Instructions to follow: Your reply must contain the lines from the one with "Gizli Topuklu Erkek" through the last line of the material, exact and complete, with no pictures and no other text.

Dataset excerpt:
----

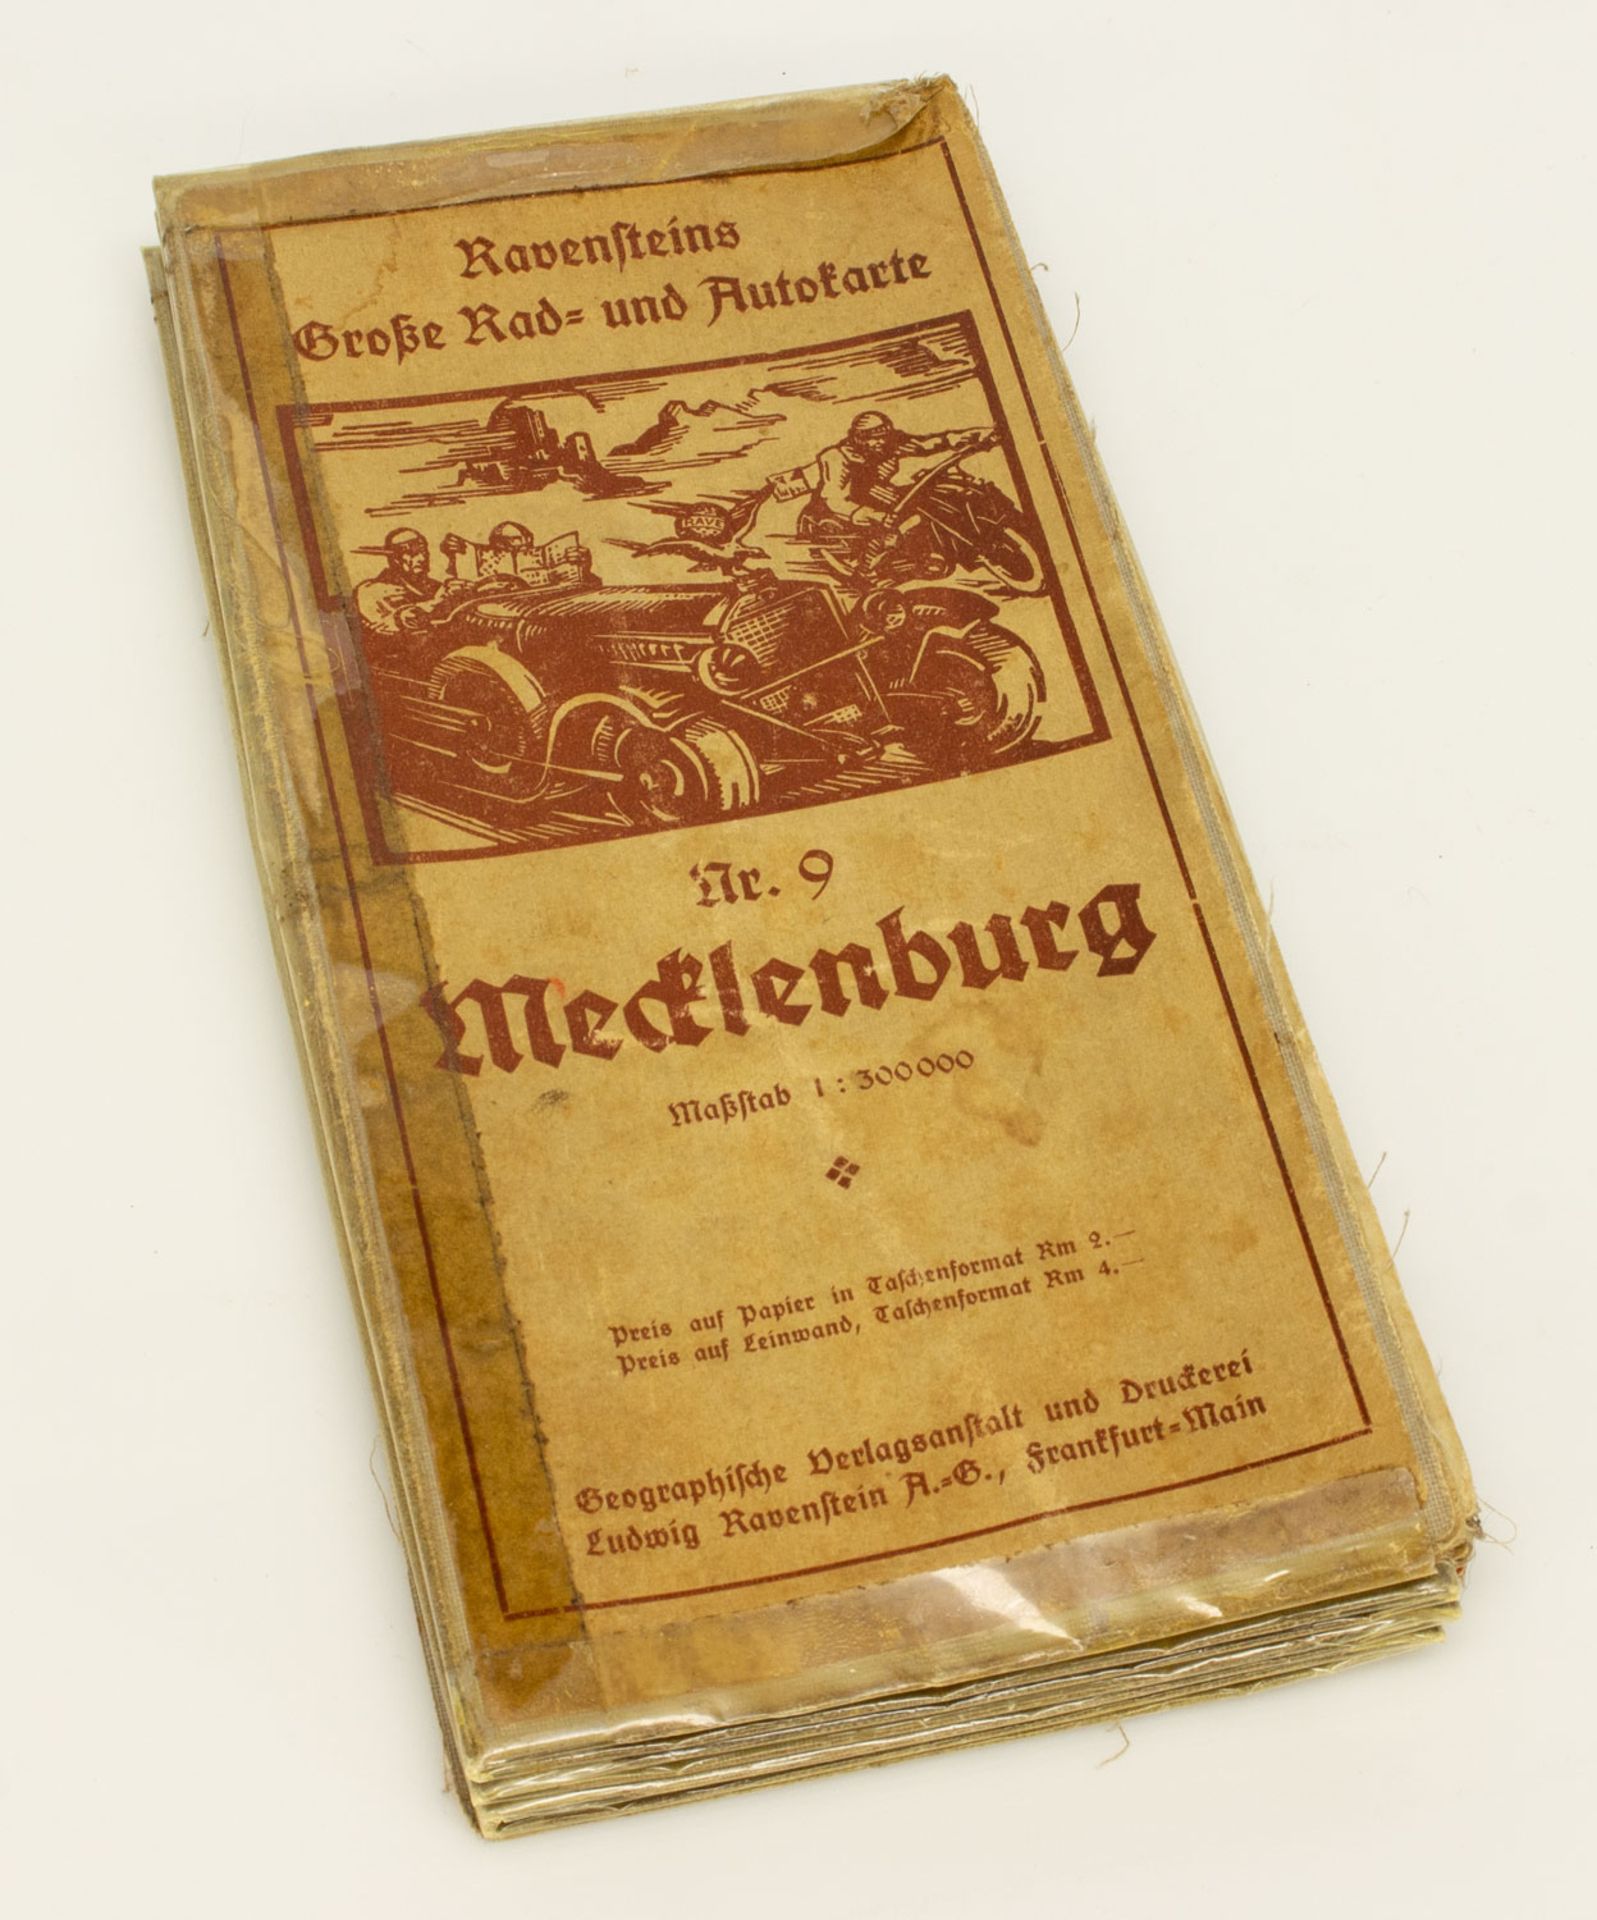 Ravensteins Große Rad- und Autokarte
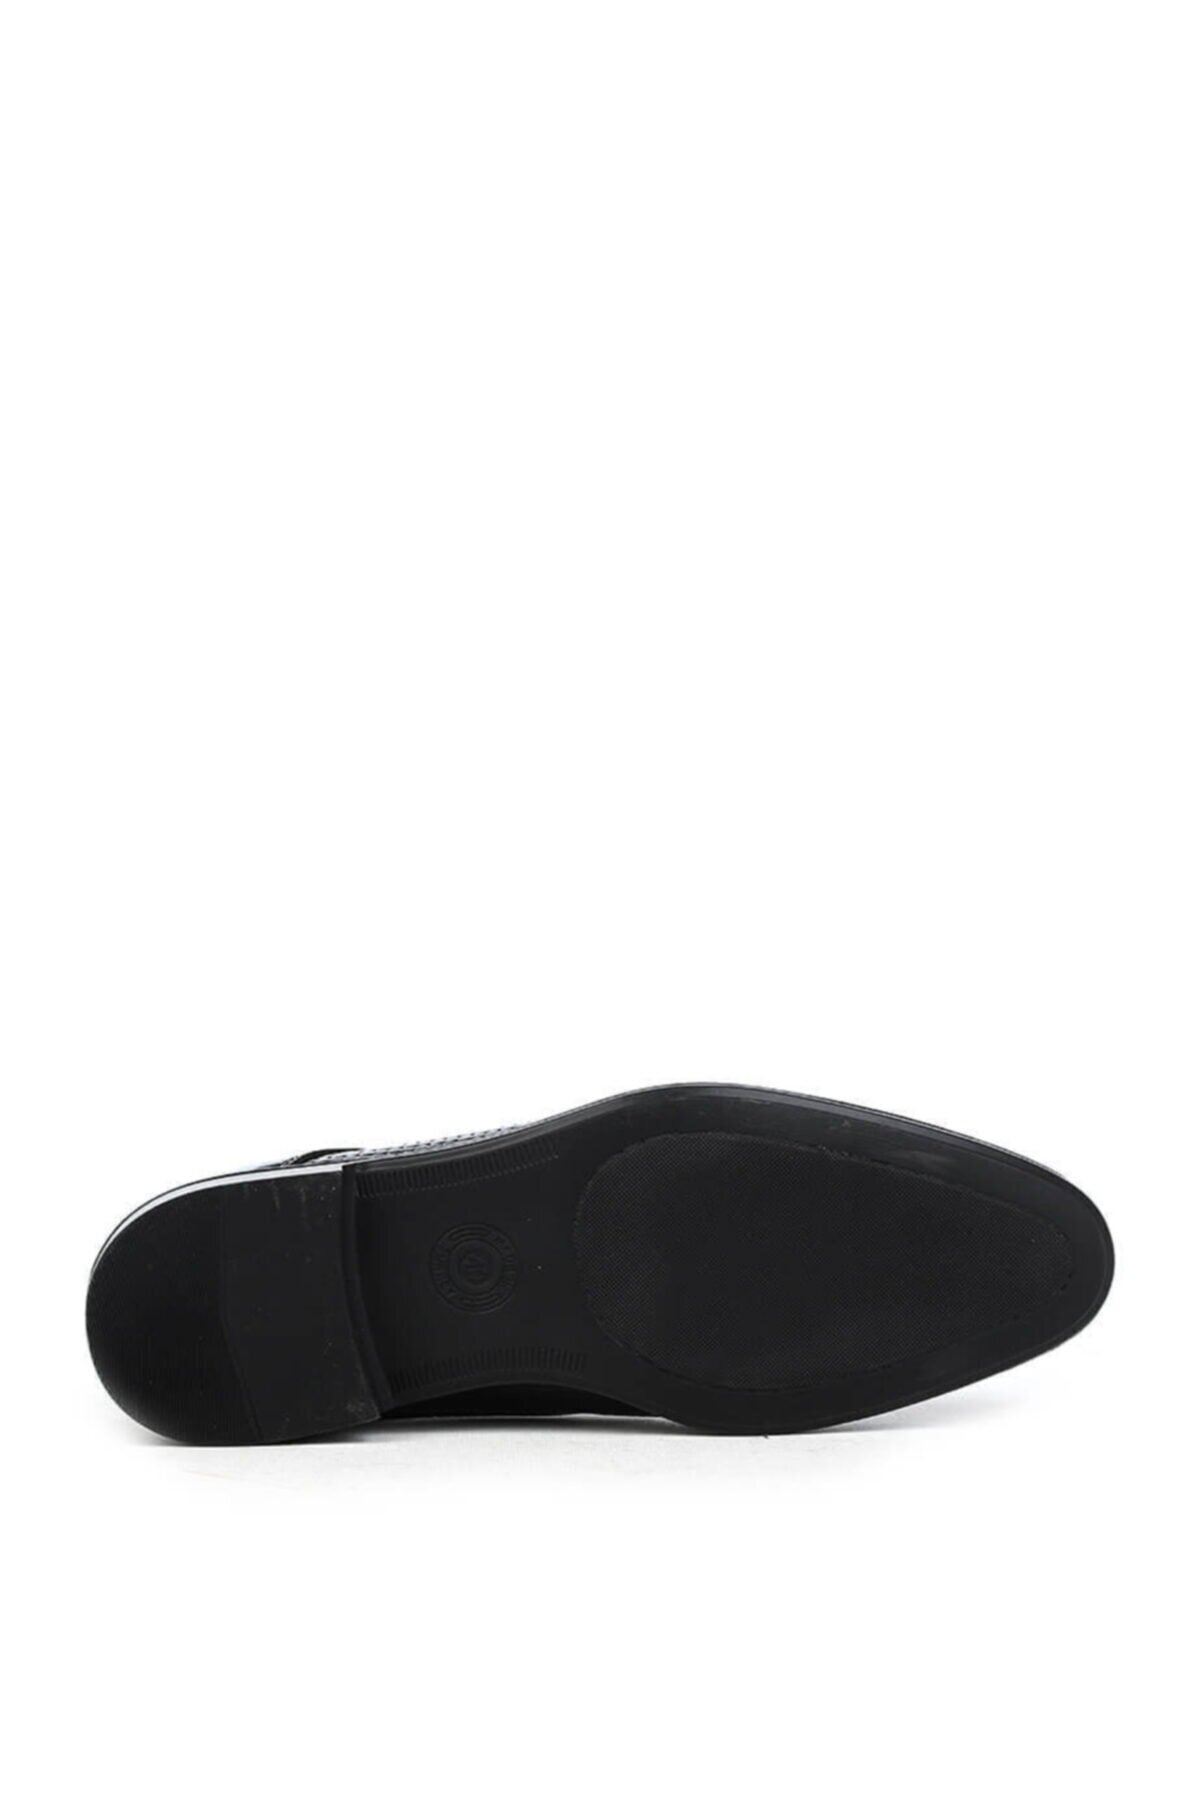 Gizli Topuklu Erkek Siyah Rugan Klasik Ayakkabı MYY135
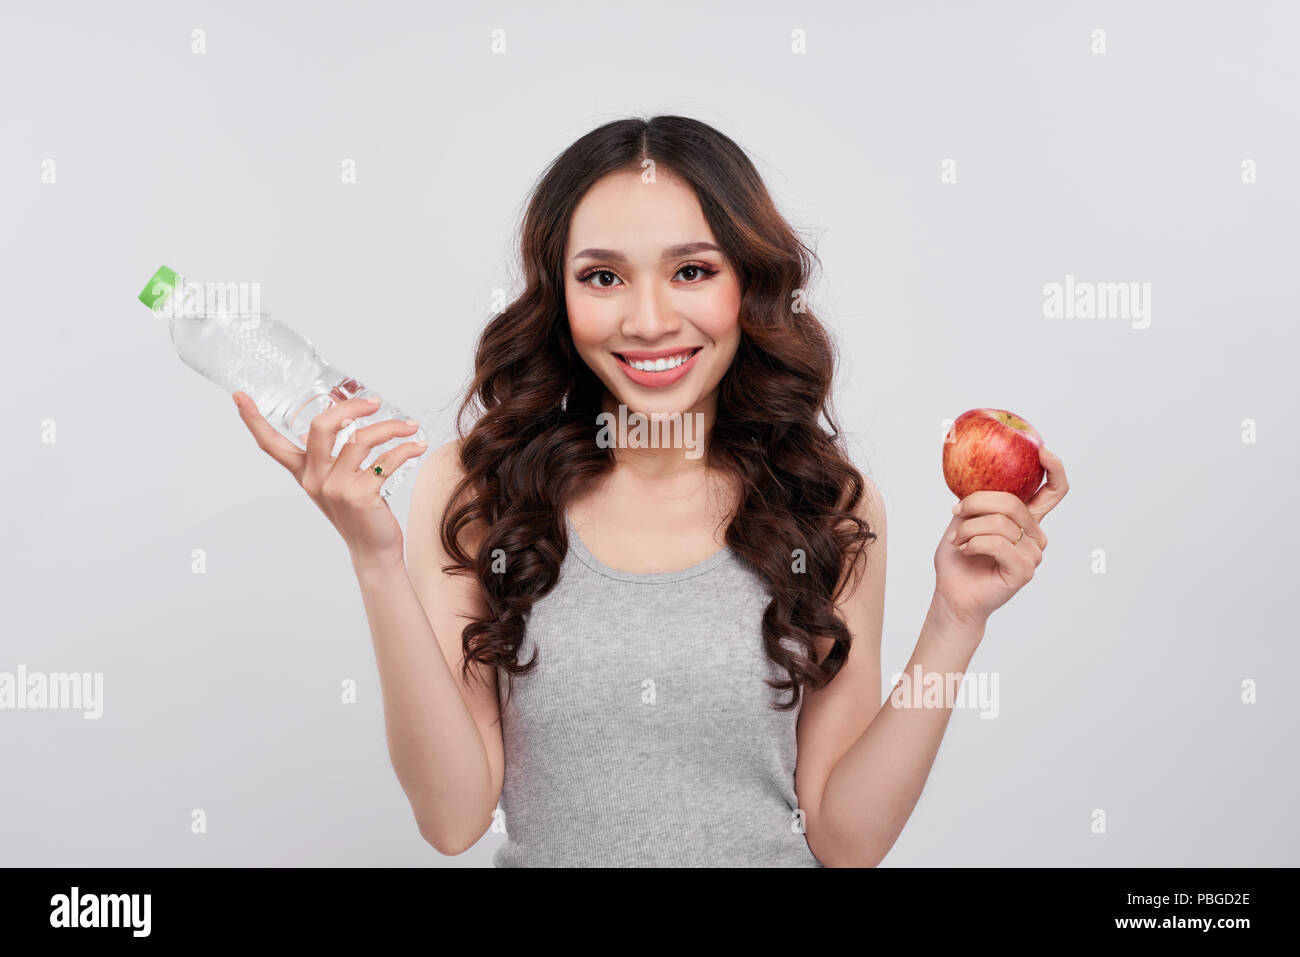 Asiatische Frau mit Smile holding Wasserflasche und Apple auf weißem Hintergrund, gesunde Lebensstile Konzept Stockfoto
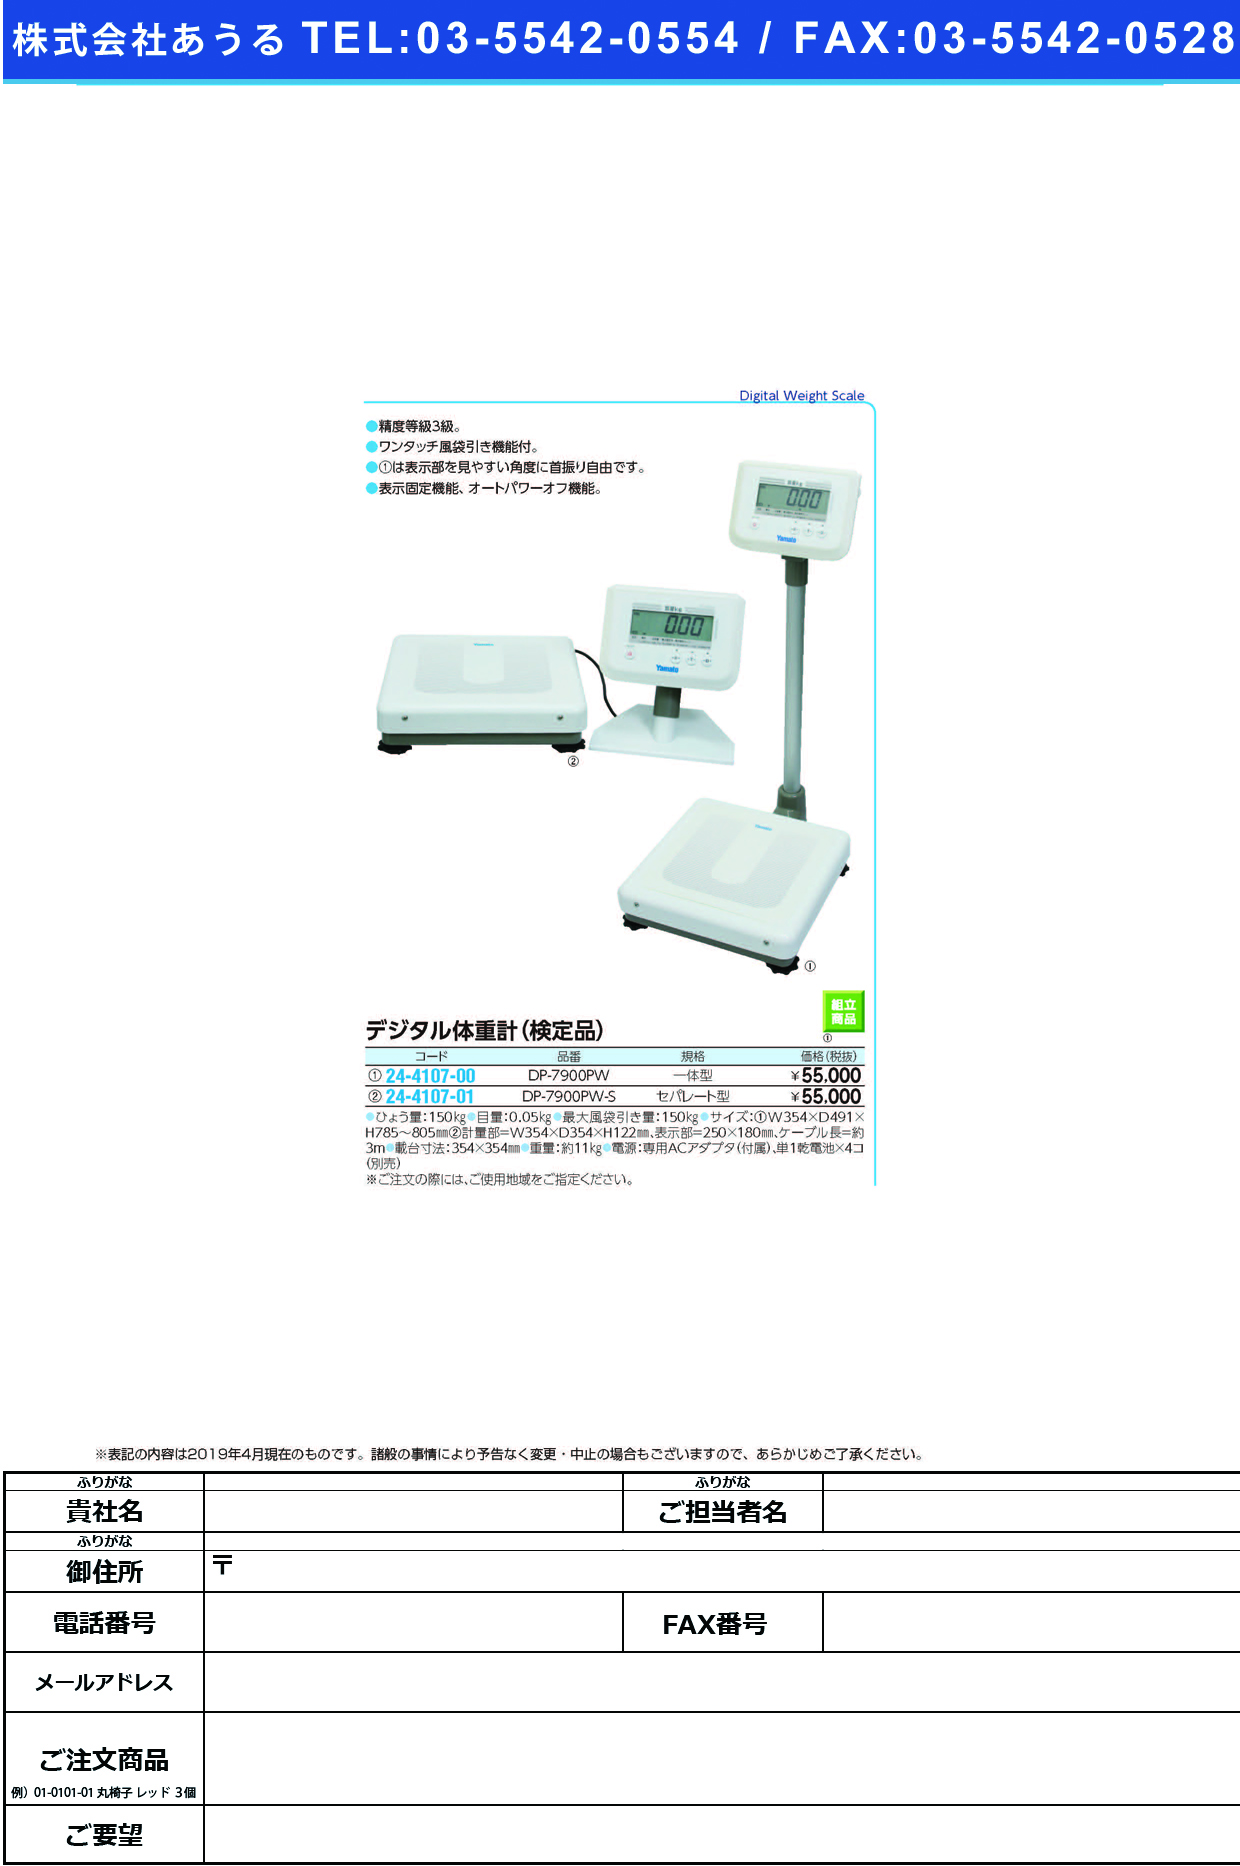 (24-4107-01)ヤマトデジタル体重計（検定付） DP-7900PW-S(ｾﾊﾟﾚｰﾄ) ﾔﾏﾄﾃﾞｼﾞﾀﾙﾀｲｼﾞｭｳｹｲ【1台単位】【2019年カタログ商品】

----

Written answer:
 Gizli Topuklu Erkek Siyah Rugan Klasik Ayakkabı MYY135
 Asiatische Frau mit Smile holding Wasserflasche und Apple auf weißem Hintergrund, gesunde Lebensstile Konzept Stockfoto
 (24-4107-01)ヤマトデジタル体重計（検定付） DP-7900PW-S(ｾﾊﾟﾚｰﾄ) ﾔﾏﾄﾃﾞｼﾞﾀﾙﾀｲｼﾞｭｳｹｲ【1台単位】【2019年カタログ商品】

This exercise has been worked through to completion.